The Right Timing Show Up
Sometimes your org goes through a crisis or a significant decision making season. There are a variety of ways to show up during this season that can make or break your future with the org. Leaders who have mastered the fine art of showing up make sure they apply this intangible during these seasons like no others. When the going gets tough it takes something intangible to get going and you never really know who in your org has it till they need it. This resilient attitude often amounts to simply showing up and taking orders from the “org bunker.” Other times it is seizing the moment to take your organization to the next level. they “strike while the iron is hot.”
Shakespeare explained this kind of season in Julius Caesar (Brutus’ speech in Act IV:)
There is a tide in the affairs of men
Which, taken at the flood leads on to fortune;
Omitted, all the voyage of their life
Is bound in shallows and in miseries.
On such a full sea are we now afloat;
And we must take the current when it serves,
Or lose our ventures.
This fortune tide, as my father called it in his Strategetics leadership lessons, helps someone who knows how to show up the most. They are the ones you always seem to end up being at the right place at the right time.
How to develop the fine art of showing up:
If you’ve determined you could really work on the fine art of showing up within your organization here are some starting tips:
Who is hurting or in need in your organization right now? How are you showing up in their life? Send them a card, drop by their office this week, or text them right now.
If your work gives you flexibility, don’t abuse it. Let people know where you are. Put a post-it note on your door about where you are or be accessible by phone or text if you’re working but not where people might expect to find you.
Sacrifice personal or work time every once in a while to show up to a significant event in someone else’s life in your org.
Come in early or stay late every once in a while.
Don’t schedule a lunch every day, sometimes keep one open and spontaneously go out to lunch with anyone free that day (CEO’s take note of this one!)
Consider the key seasons in your organization in the past? Who “showed up” and delivered in those times best? What’s coming up that might be that again?

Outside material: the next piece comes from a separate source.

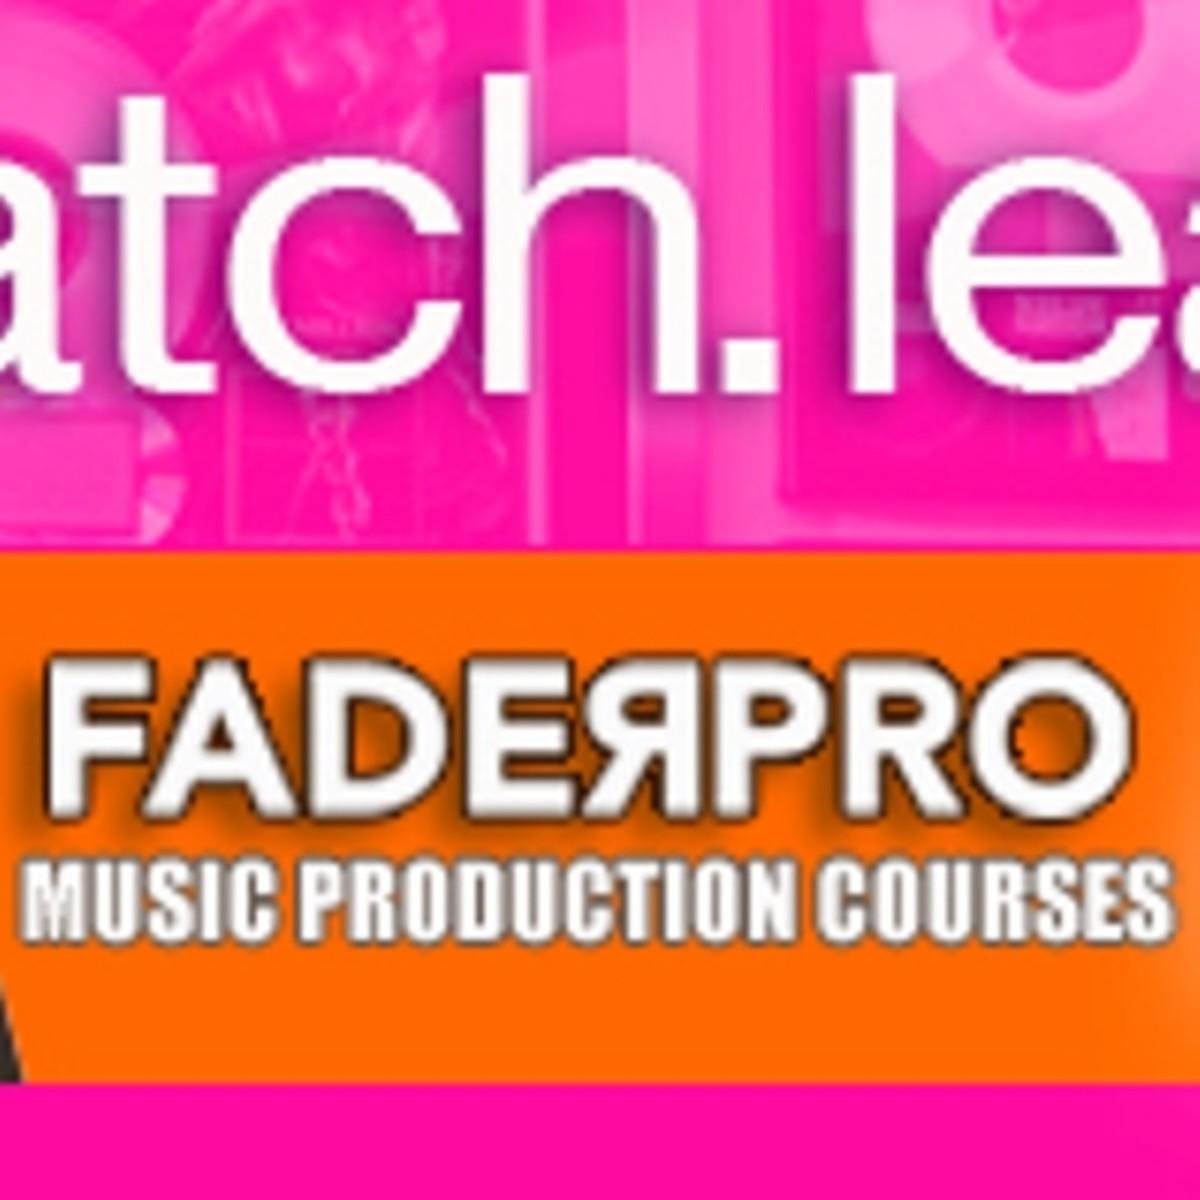 faderpro2.jpg

How to spot & reward someone who shows up:
When I was a very young leader in my 20s I worked with a guy who seemed to show up like few others I’ve met, and I learned a lot from how he modeled this intangible. His name is Dave Horne. He worked with Global Outreach at our church, so his work had little to do with the everyday lives of most of us. He was working to send people, money and prayers to places on the other side of the planet in missionary work. However, few people were more “present” in our organization than Dave. He seemed to “add value” to our team in a way that his job description and résumé didn’t show. That’s because he had mastered the art of the show up. He had that intangible ability to show up and make his presence felt in supporting what’s happening or making things better with just a bit of encouragement or a bit of help. He didn’t go overboard, in fact, I’d say he seemed exceptionally balanced with his family and work. He didn’t do everything, but he did do the things that count.
Rewarding a guy like Dave who adds value to the organization in ways that don’t show up on paper as well is crucial. He should be coaching others, making decisions, participating in major projects. And he did all these things on our team. An outside consultant might not suggest those things, but anyone on the inside knows that this intangible goes a long way toward making all the pieces in an organization fall together.